Available data —
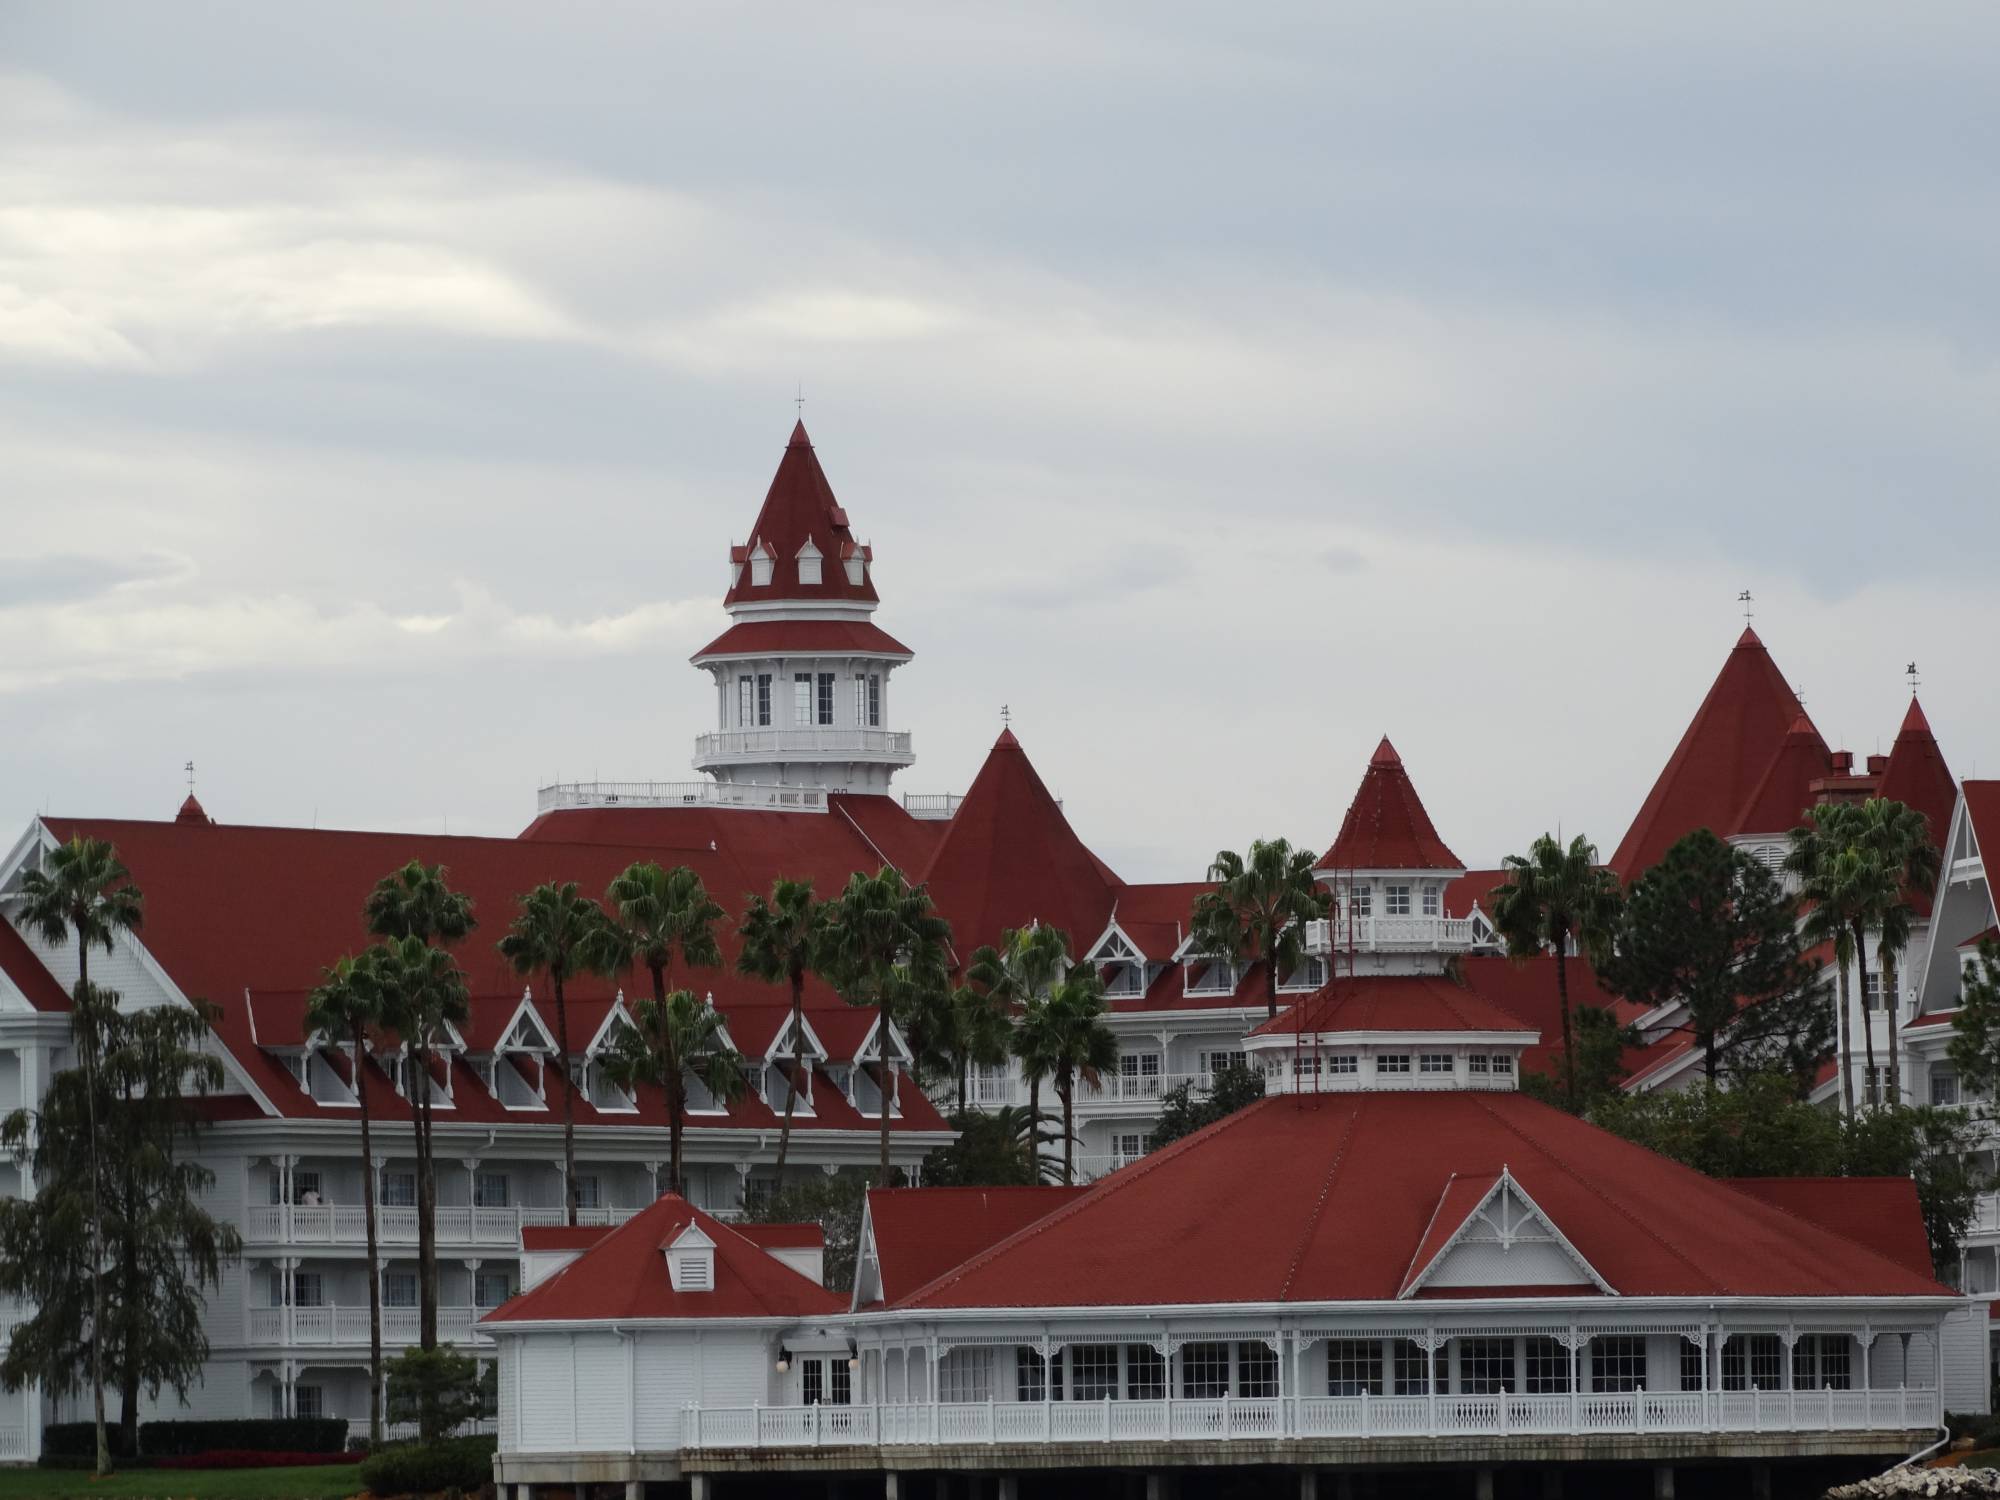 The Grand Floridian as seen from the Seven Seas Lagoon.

--

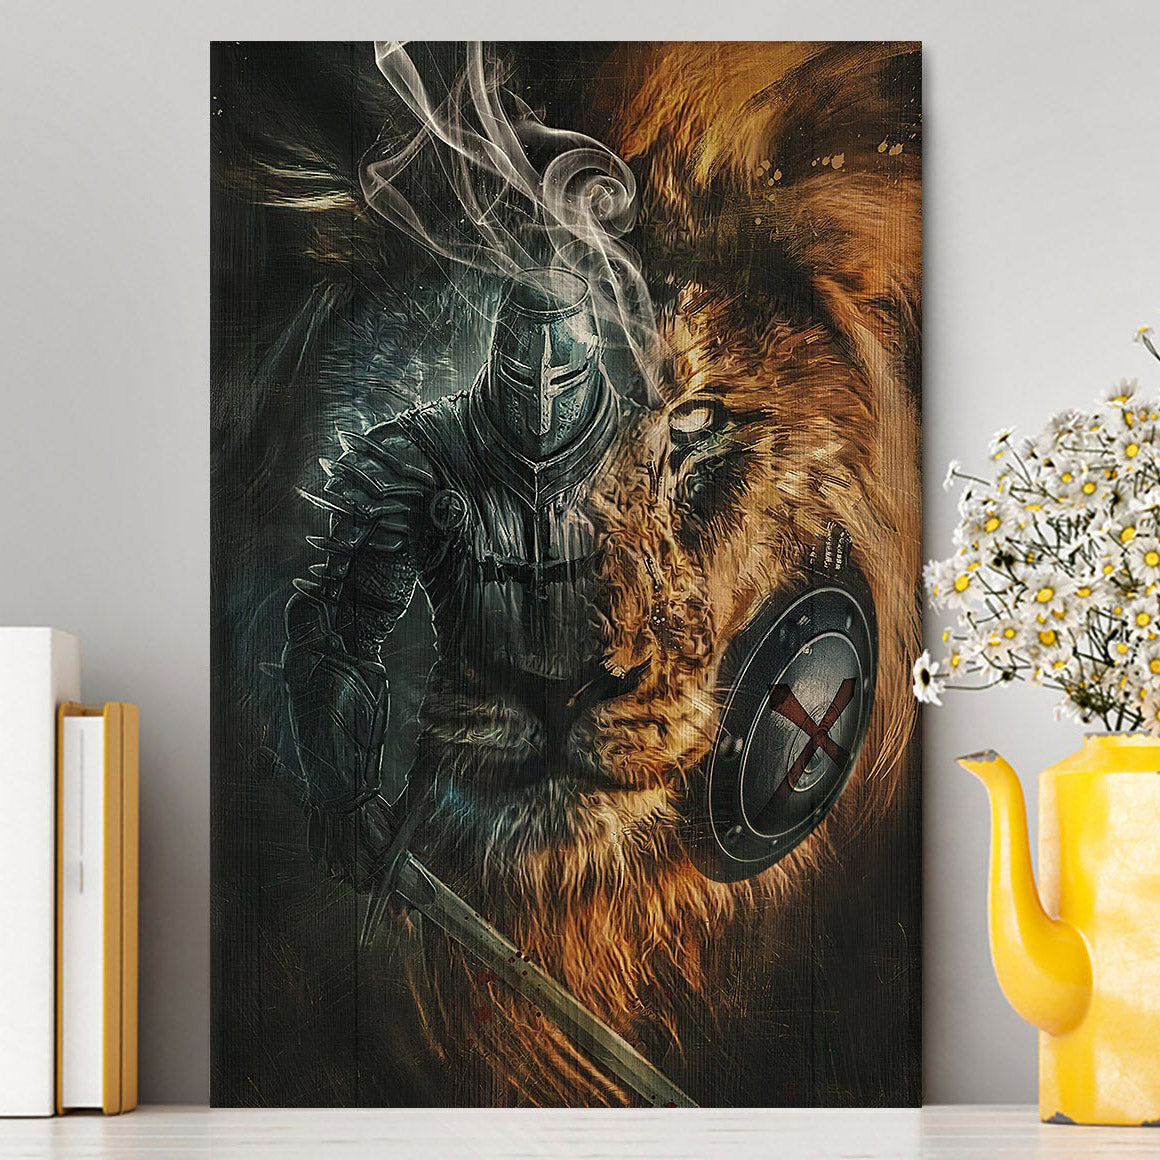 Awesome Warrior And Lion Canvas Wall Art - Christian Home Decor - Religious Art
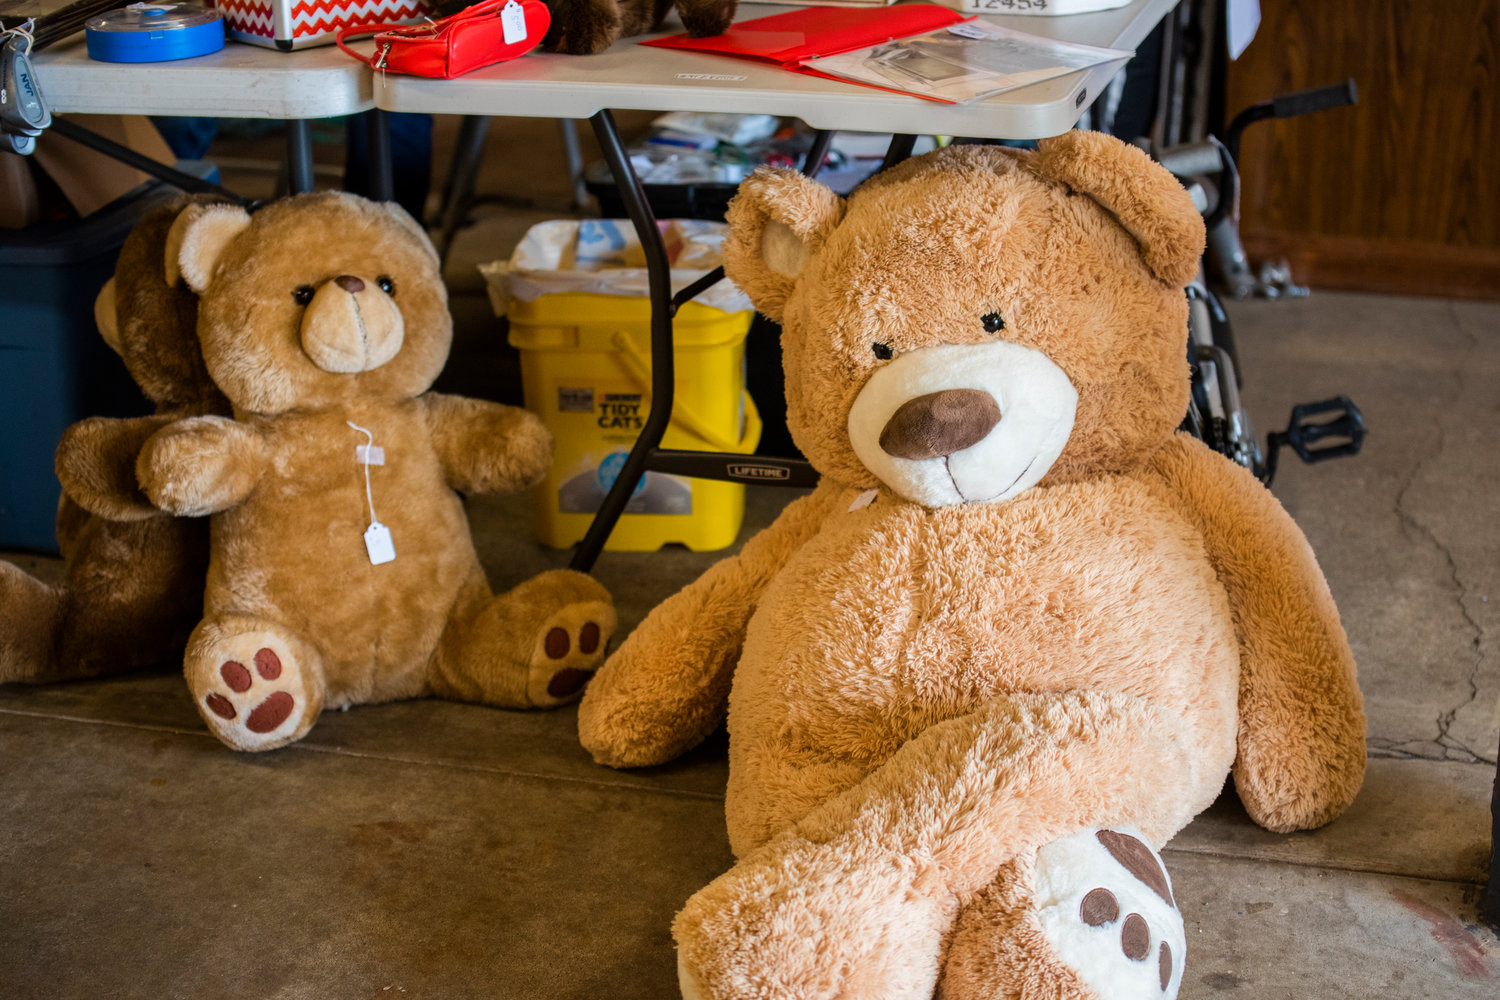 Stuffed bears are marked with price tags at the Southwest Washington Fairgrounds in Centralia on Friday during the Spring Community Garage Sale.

About this exercise — Beginning with the line above that contains "Awesome Warrior And" and ending with the line that contains "Stuffed bears are", quote each line exactly, keeping out the pictures.

Answer to the problem —
 Awesome Warrior And Lion Canvas Wall Art - Christian Home Decor - Religious Art
 Stuffed bears are marked with price tags at the Southwest Washington Fairgrounds in Centralia on Friday during the Spring Community Garage Sale.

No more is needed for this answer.